Sunday, February 24, 2013

How Many Hives Should I Start With?

I am getting this question a  lot lately and it is really up to the individual.  I started with one hive and if I did it over again I would have started with two.  The sad thing is we paid as much for our one hive as I am charging for two.  I was taken to the cleaners on that first hive. 

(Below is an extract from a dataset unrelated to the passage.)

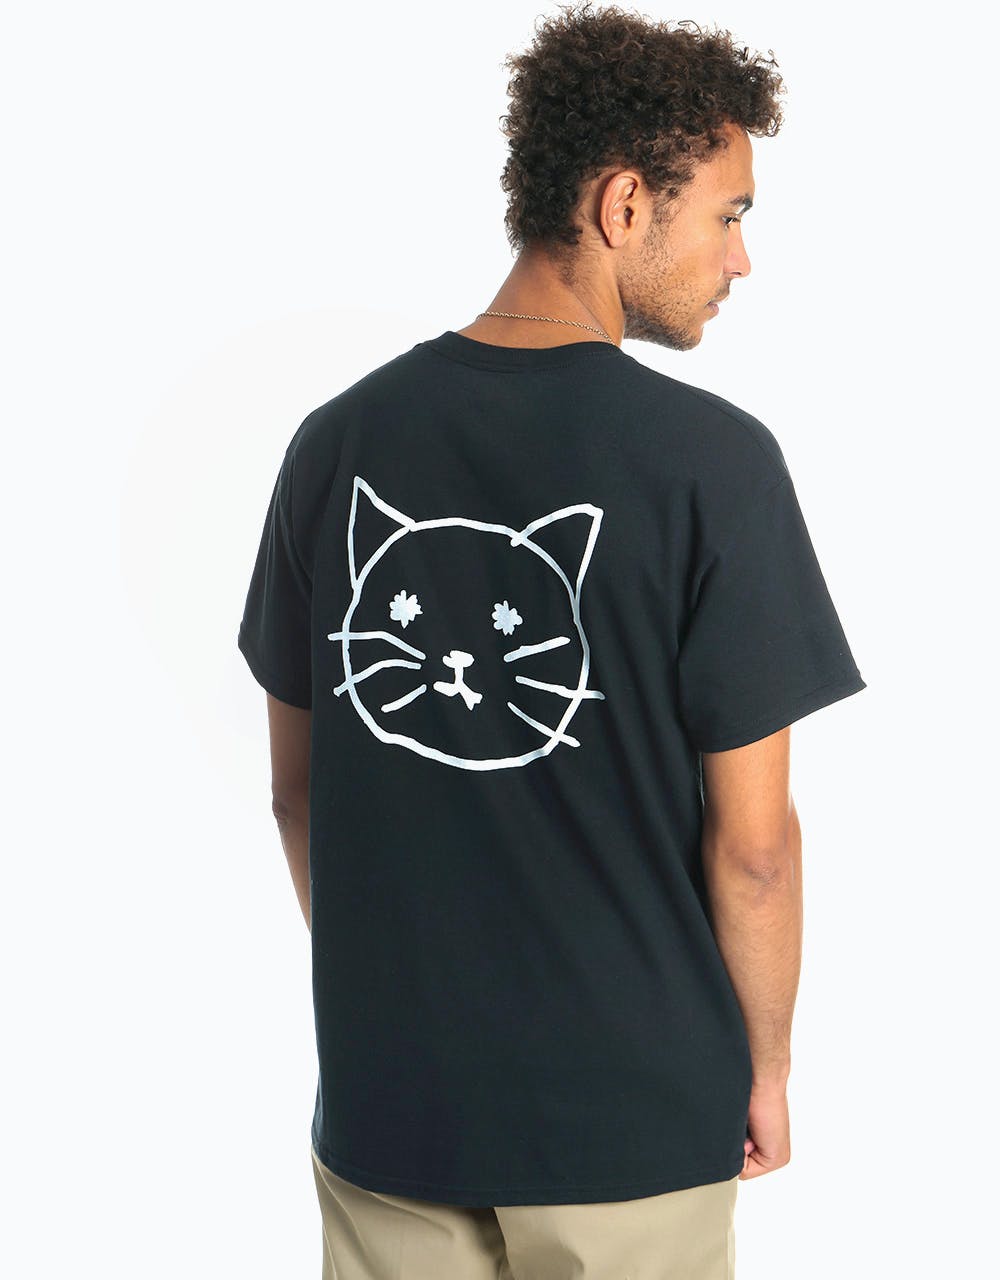 Route One Pussy T-Shirt - Black
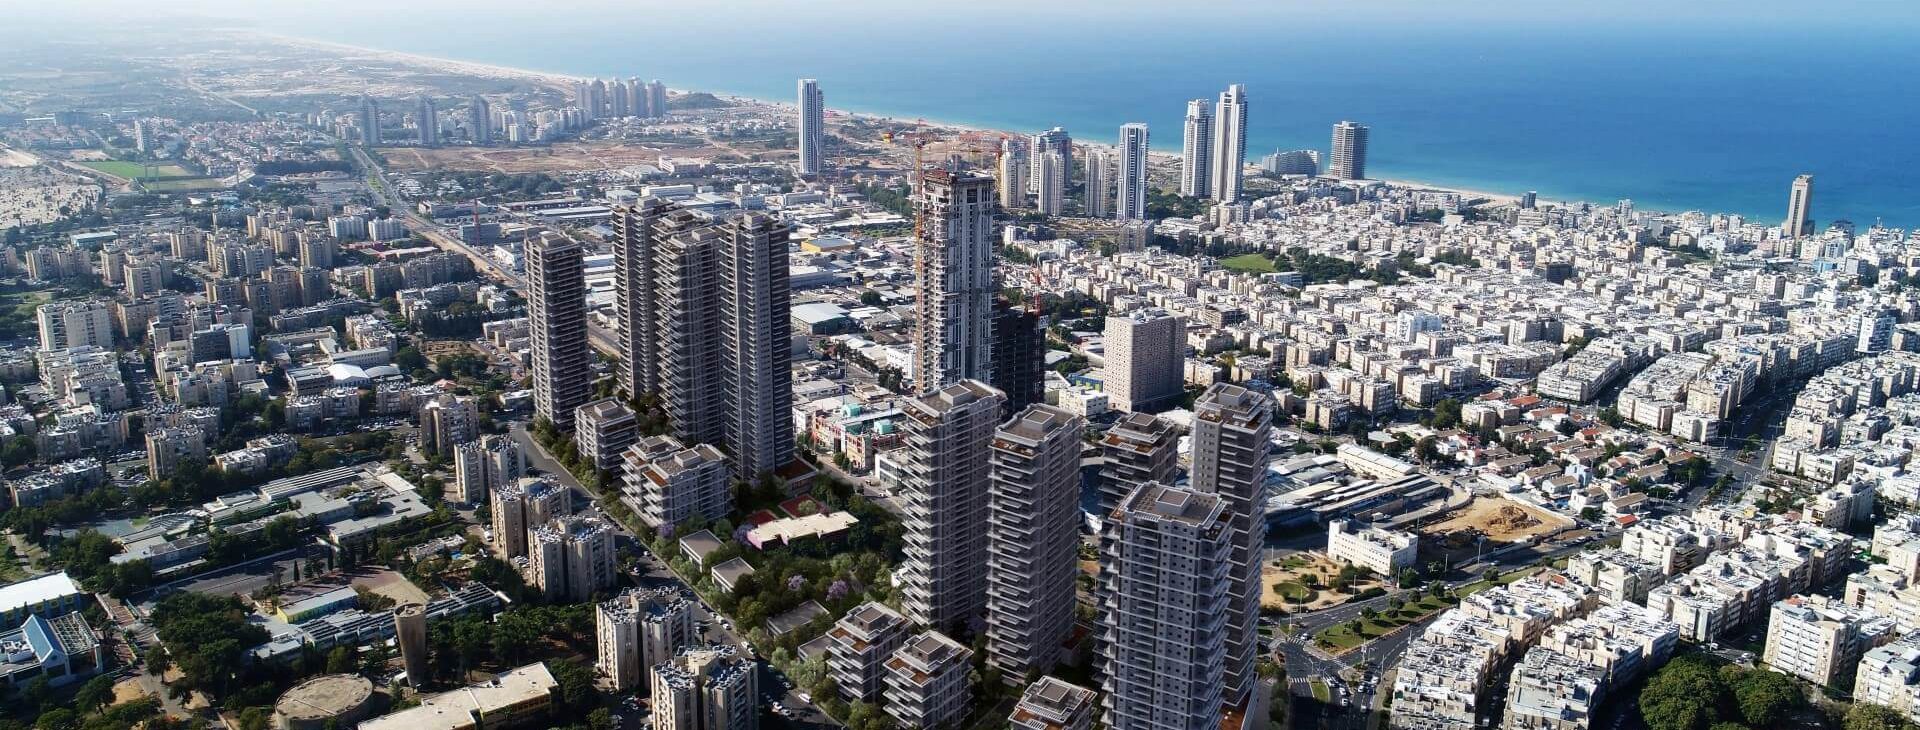 Simulation of buildings in the green UNIK project in Bat Yam

Our first hive was supposed to be a full working hive already established.  We expected honey that first year since it was suppose to be an established hive.  It turned out to be a split and we received the split without the queen.  I checked it after about 10 days like the beekeeper told me to.  It looked healthy with lots of bees, but I didn't know what I was looking for.  I had nothing to compare it to, so as I started to see a decrease in larva I was getting worried.  I didn't know what an egg looked like and that is because we never had any eggs.  I called the beekeeper that sold it to me and he told me to give it ten more days that the queen was probably a virgin queen and was mating and hadn't started to lay eggs.  I checked it again ten days later.  I didn't see any change other than now I had no larva and most of the brood had emerged.  I called him and he told me he would come over the next week.  7 days later he came over and told me he didn't think I had a queen.  We are now 5 weeks into this and no queen.  I went and bought a queen and introduced her.  Finally 6 weeks after purchasing the hive I had a laying queen.  The population in the hive had dwindle and it was very small.  I was frustrated to say the least. 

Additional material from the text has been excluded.